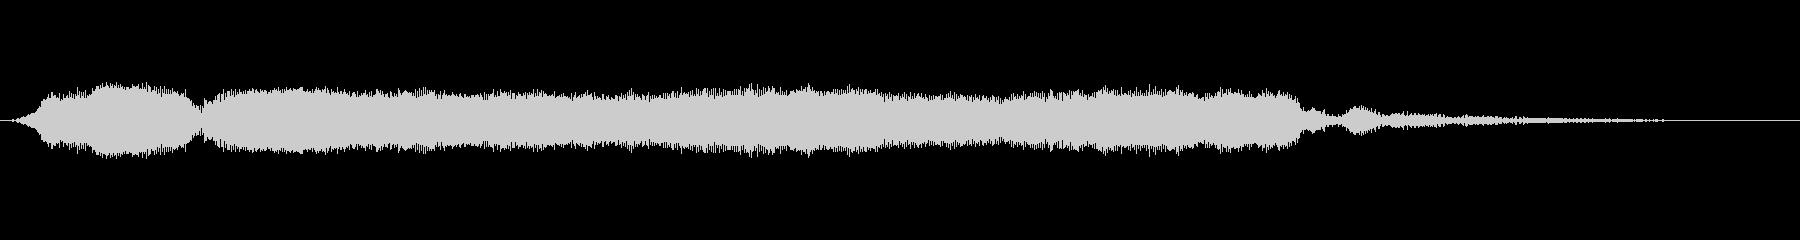 ぼーーーーーっ(船の汽笛)の未再生の波形
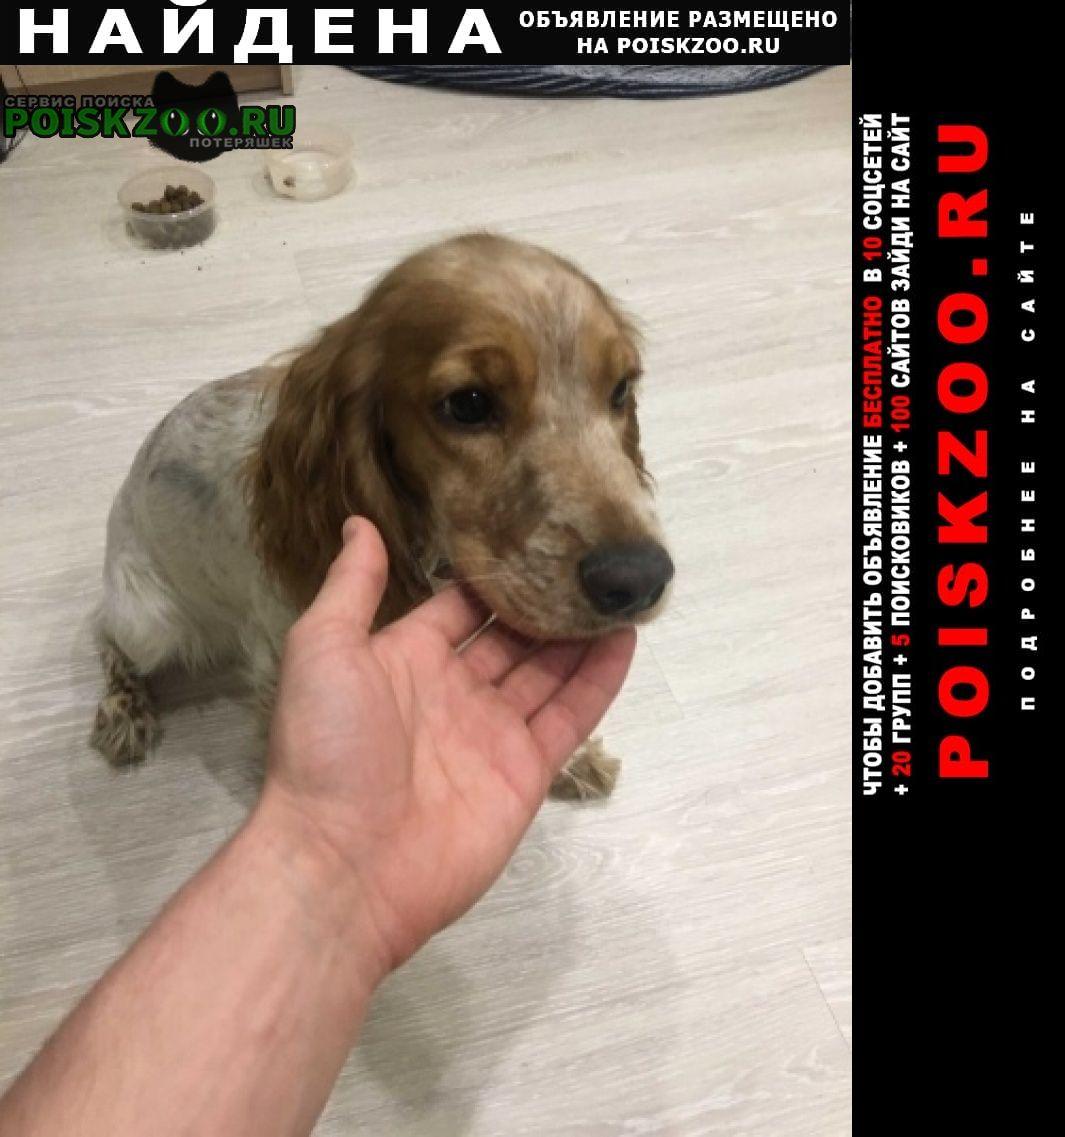 Найдена собака спаниель г.Ивантеевка (Московская обл.)
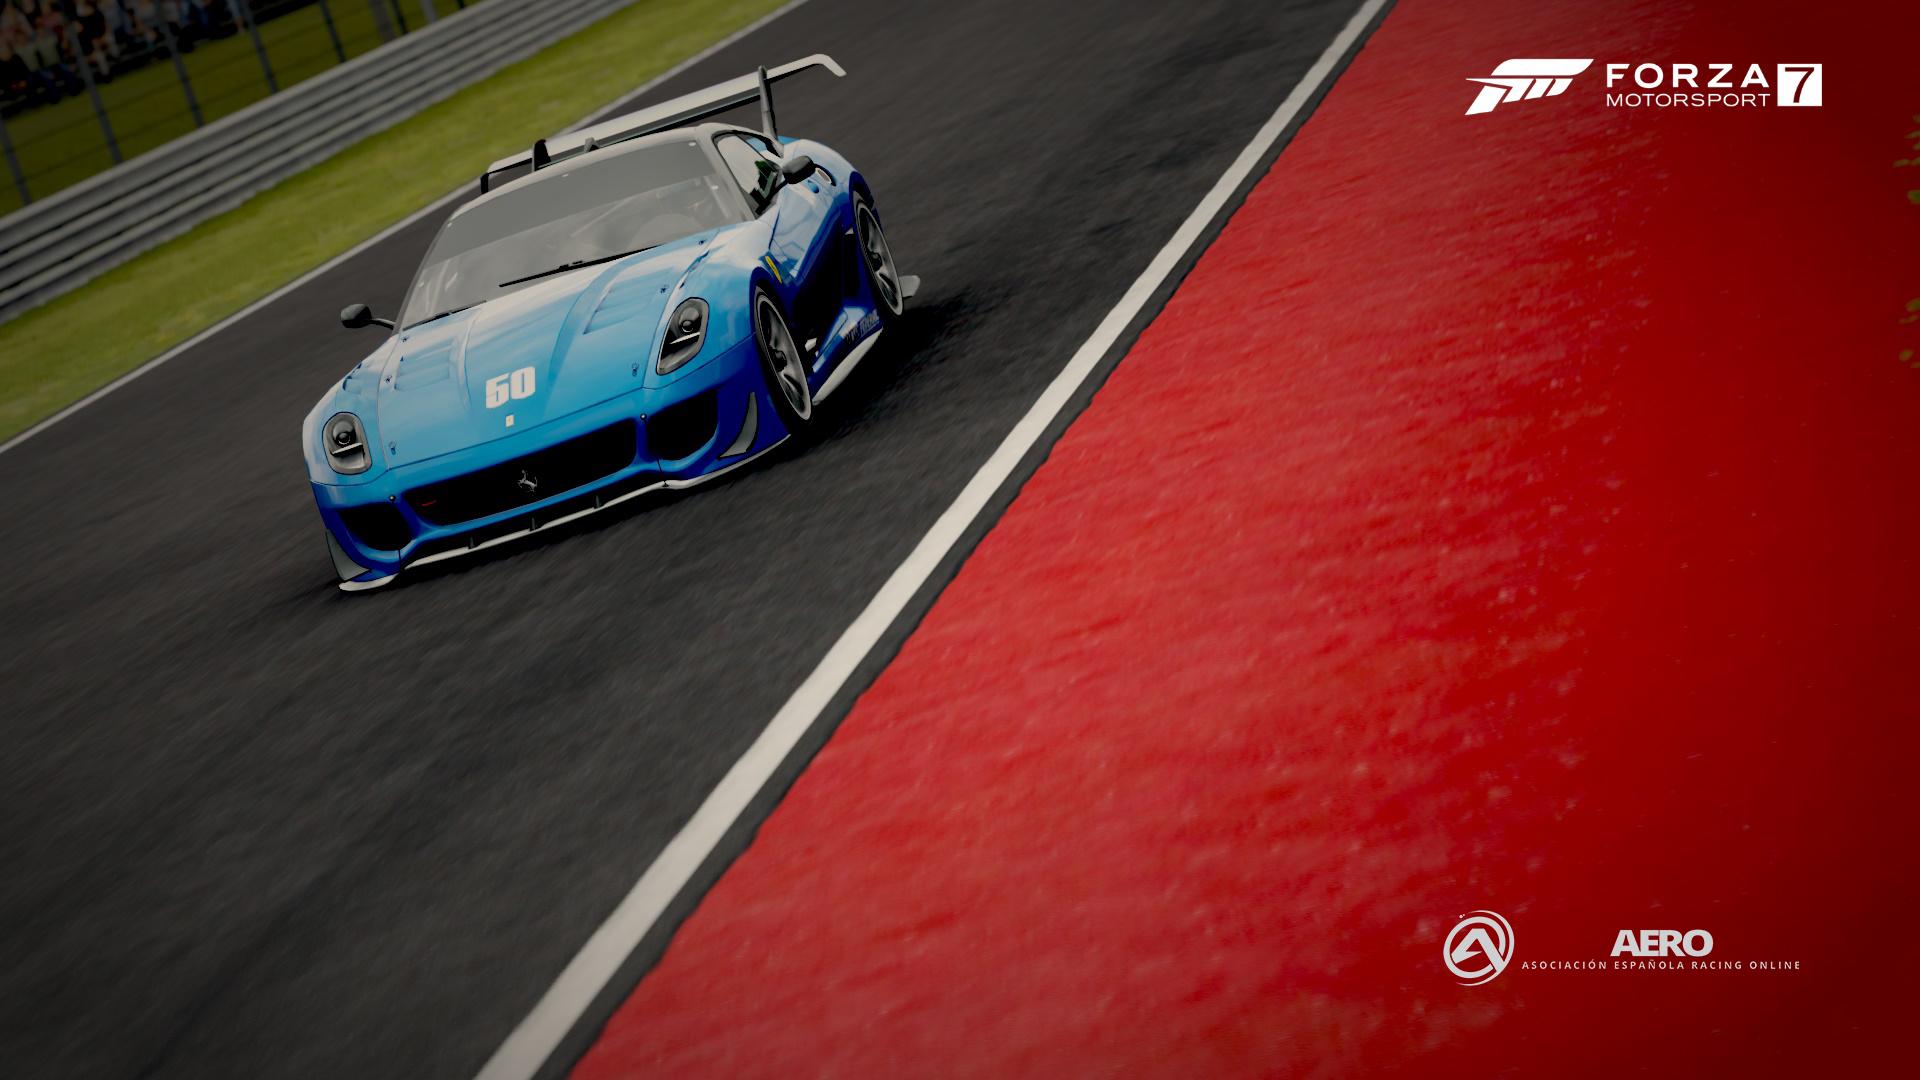 Las primeras noticias sobre el próximo Forza Motorsport serán el 7 de mayo
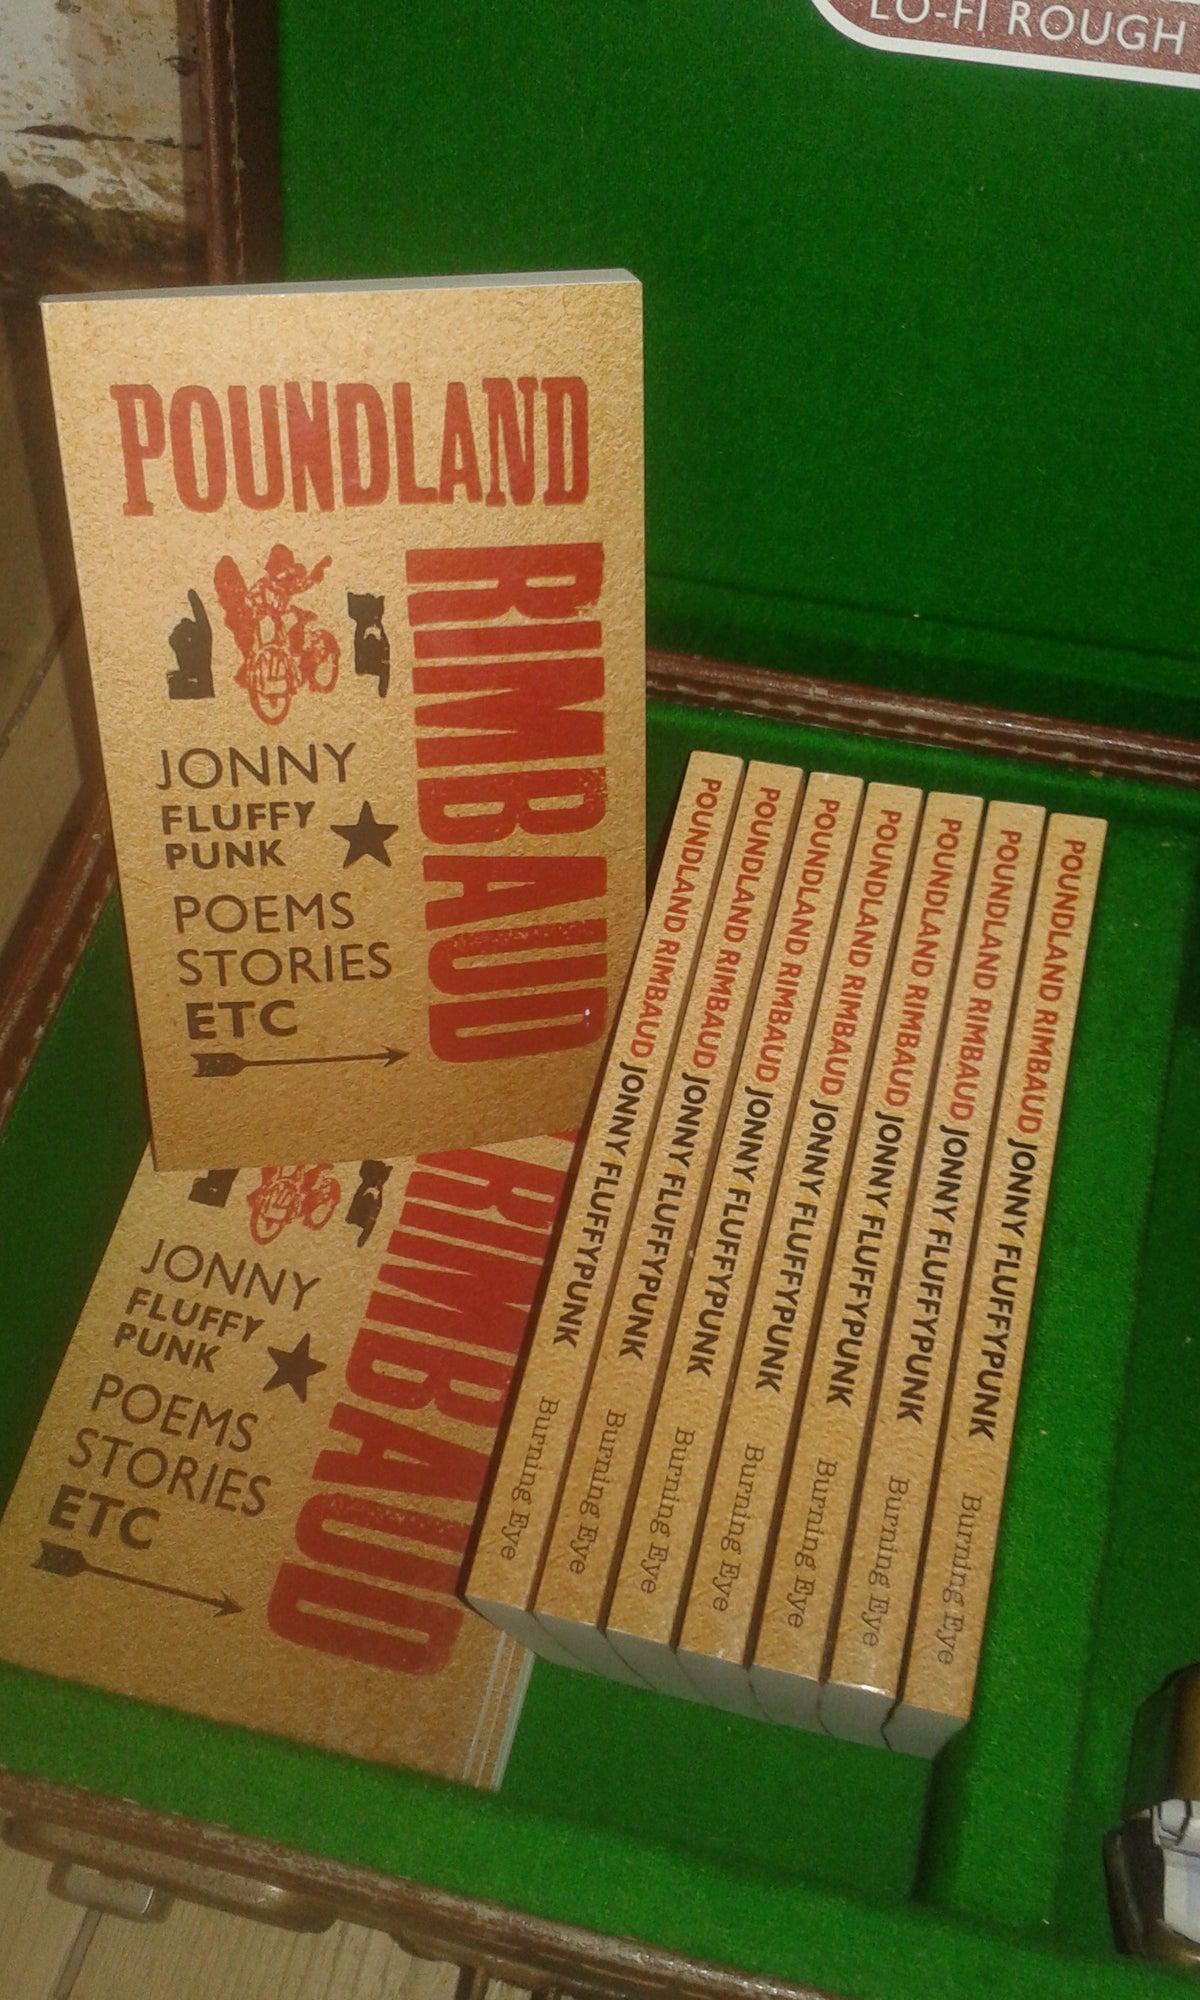 Image of Poundland Rimbaud

> _EXERCISE DESCRIPTION_
Your answer must be the lines from the line containing "Las primeras noticias" through the final line of the data, written out exactly, both ends included and pictures left out.

> _WRITTEN REPLY_
 Las primeras noticias sobre el próximo Forza Motorsport serán el 7 de mayo
 Image of Poundland Rimbaud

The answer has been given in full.